BAP1 methylation: a prognostic marker of uveal melanoma metastasis

Mathieu F Bakhoum 1,2,, Ellis J Curtis 3,4,5, Michael H Goldbaum 2, Paul S Mischel 4,5,
PMCID: PMC8484429  PMID: 34593944

Abstract

Uveal melanoma, the most common intraocular primary cancer in adults, is characterized by striking variability in metastatic tendencies. BAP1 deletion in the primary tumor is associated with uveal melanoma metastasis, but it cannot always be resolved by bulk DNA sequencing of heterogeneous tumors. Here, we show that assessment of BAP1 methylation is an accurate and readily clinically actionable assay to accurately identify high-risk uveal melanoma patients.

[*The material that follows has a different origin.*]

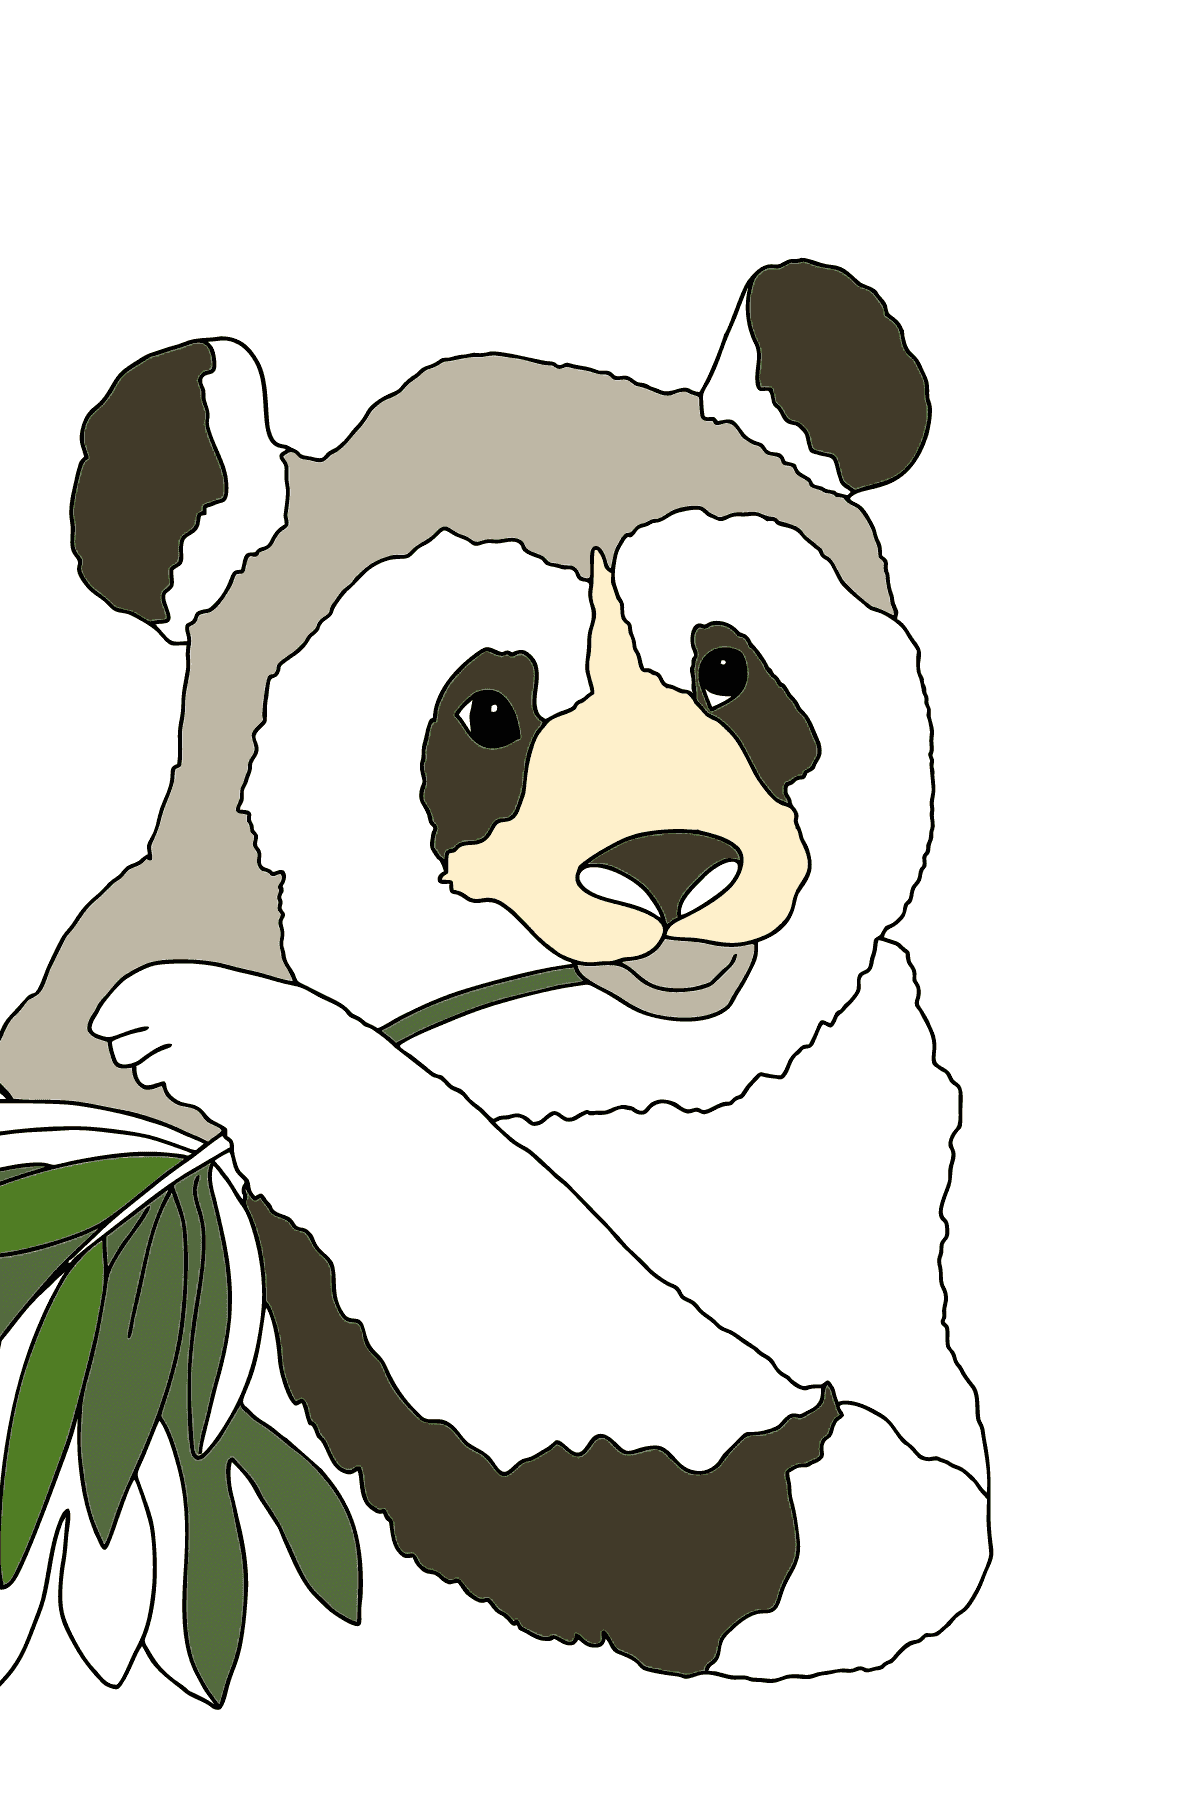 Coloring Page - A Panda is Eating Bamboo Stems and Leaves - Coloring Pages for Children

Subject terms: Prognostic markers, Cancer epigenetics

Introduction

Uveal melanoma (UM), the most common intraocular primary cancer in adults, is characterized by striking variability in metastatic tendencies1. Tests that assess the metastatic proclivity of the primary tumor provide individualized prognostication and help guide metastatic surveillance. UM tumors with high metastatic tendencies differ from their more indolent counterparts in several ways1,2. They often harbor mutations in the BAP1 gene, lack one copy of chromosome 3 and have a characteristic transcriptome and methylome39. In current clinical practice, prognostication methods rely on assessing a single or a combination of these features. RNA-based tests include a clinically validated 12-gene signature representative of the wide transcriptional changes that distinguish the two prognostic groups; low-risk (Gene expression profile 1, GEP1) and high-risk (Gene expression profile 2, GEP2)9. DNA-based tests can detect genomic alterations in the BAP1 gene and identify chromosome copy number alterations (chromosomes 3, 6, and 8). Immunohistochemical assessment of BAP1 staining or cellular morphology can also be employed to estimate the risk of metastasis10.

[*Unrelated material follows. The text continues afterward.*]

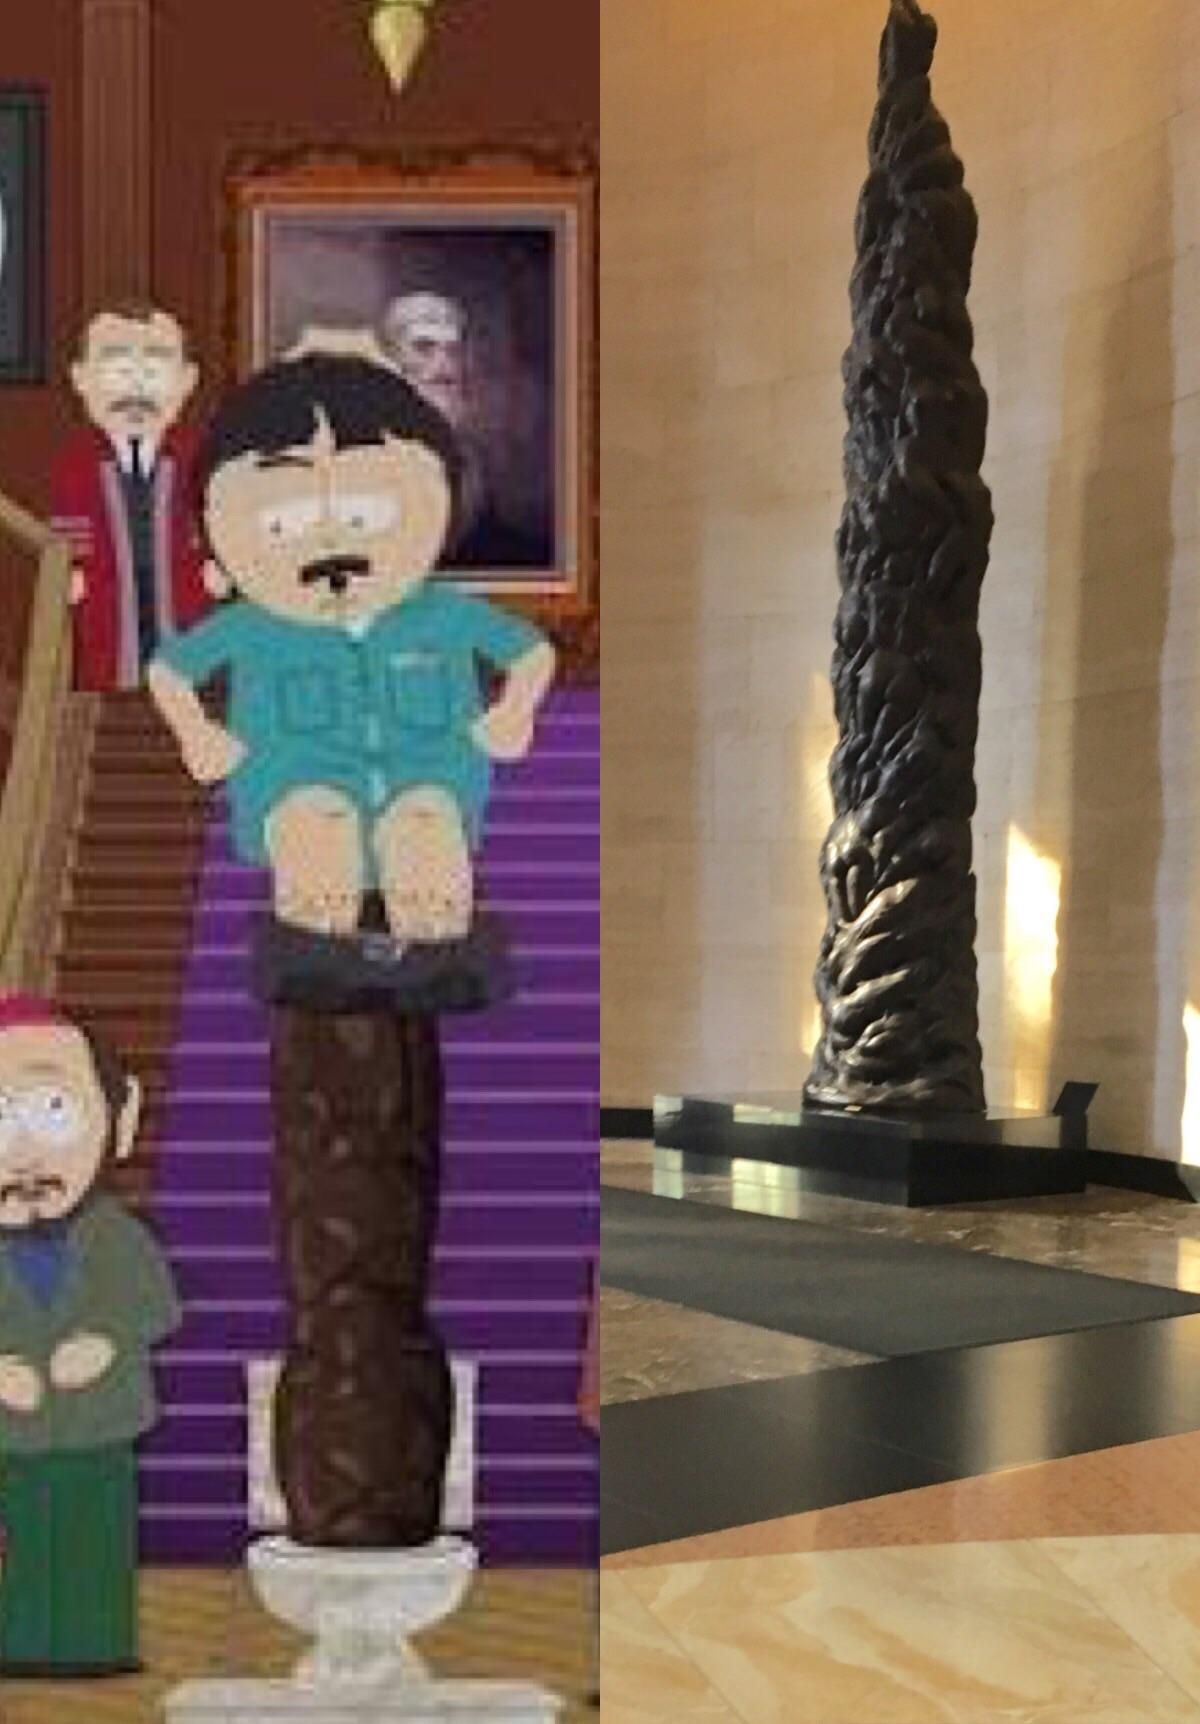 This sculpture in the lobby where i work. Got a fair idea of where the inspiration for it came from

UM tumors are heterogeneous; cells within a single tumor can have different prognostic features including variable expression levels of BAP11012. Hence, prognostic tests that classify UM into two major groups lack the resolution to assess the diversity of an inherently heterogeneous tumor. In fact, detailed analysis of the TCGA UM cohort (integrative analysis of UM transcriptomes, methylomes and genomic copy number data, n = 80 patients) has revealed the existence of four molecularly distinct biological and prognostic subsets of UM3.

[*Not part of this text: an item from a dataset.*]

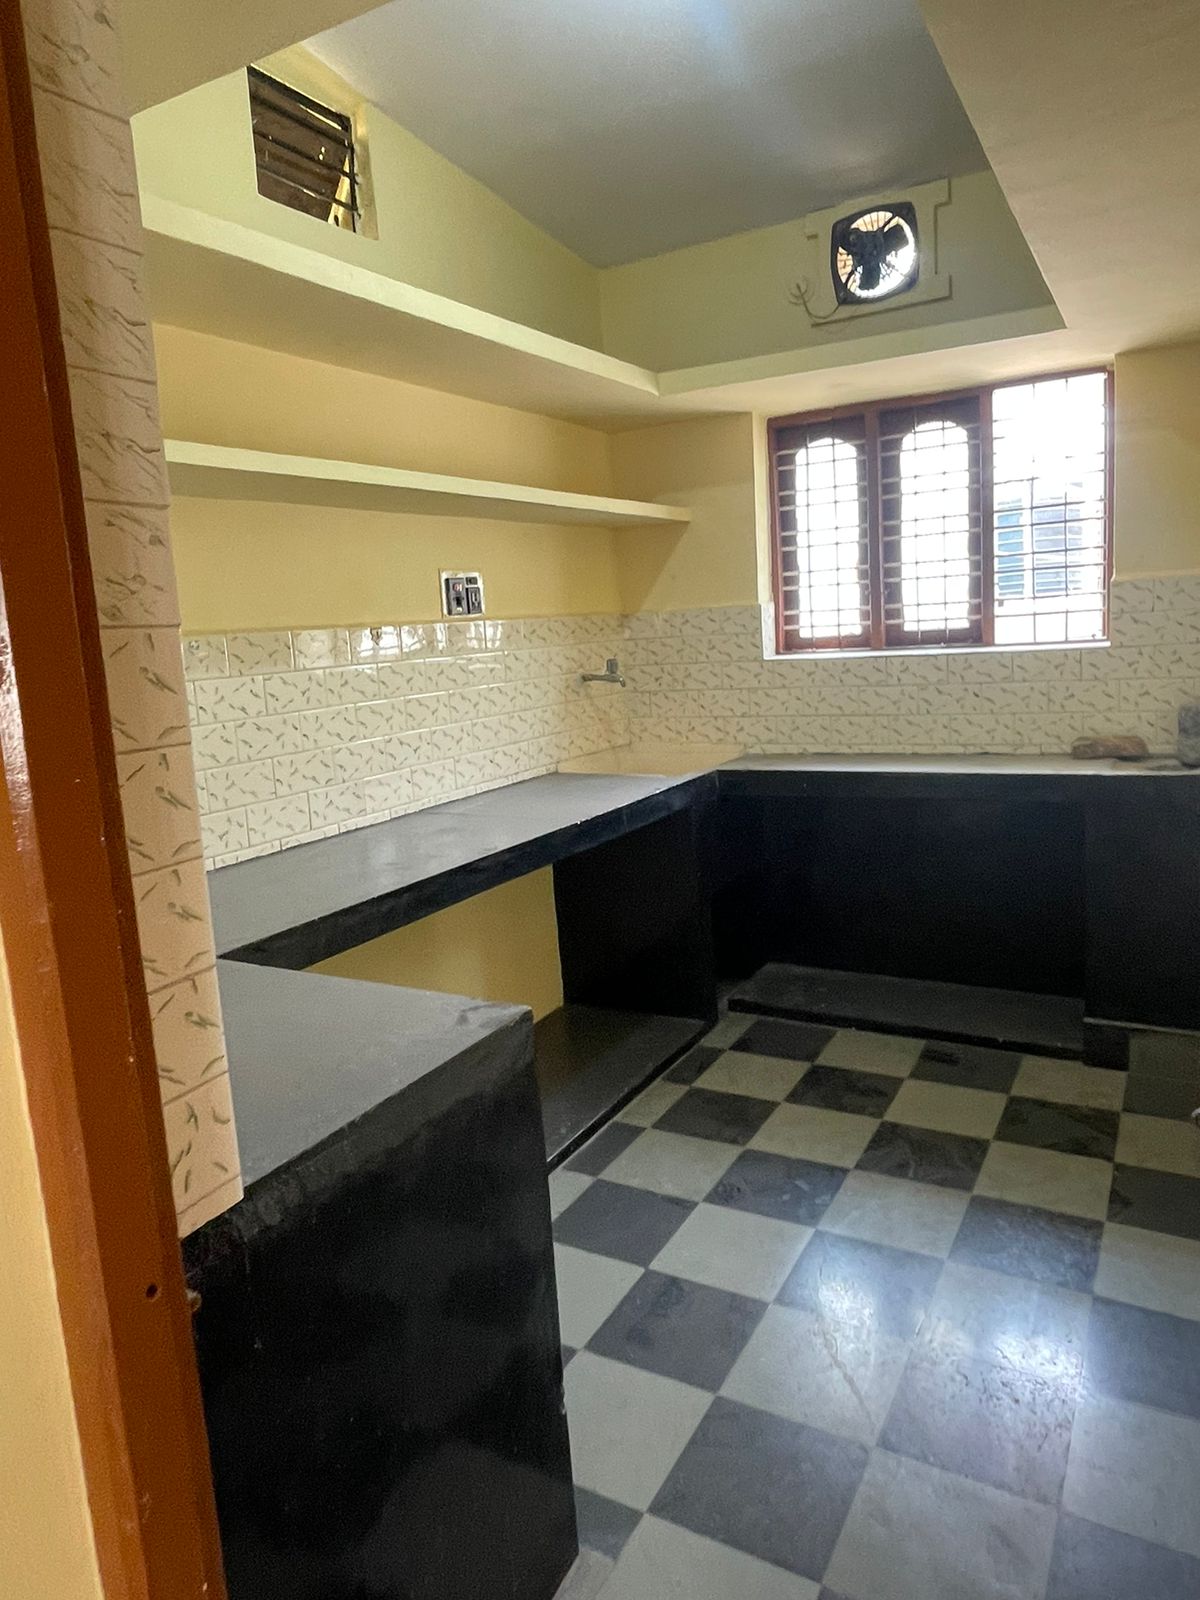 1 BHK Independent House for Lease Only at JAML2 - 4359 in Dodda Banaswadi

Conversely, methods that can accurately assess cellular heterogeneity, i.e. BAP1 staining or chromosome 3 fluorescent in situ hybridization (FISH), require specialized technical skills. An affordable and reproducible bulk test that yet has the ability to assess the tumor’s heterogeneity, would offer an attractive alternative.

BAP1 is subject to epigenetic modifications, and its hypermethylation at chromosome 3: 52,408,017 (GRCh38) is inversely correlated with BAP1 mRNA expression and is enriched in GEP2 UMs3,13 (Supplementary Table 1). DNA-methylation of a given genomic locus within an individual cell is a binary state. Hence, methylation levels (β-values) obtained from a biological specimen indicate the fraction of cells that are methylated within the specimen at that specific locus (Fig. 1a). We then asked whether methylation levels of BAP1 could be employed as a surrogate of the preponderance of tumor subclones with high metastatic potential.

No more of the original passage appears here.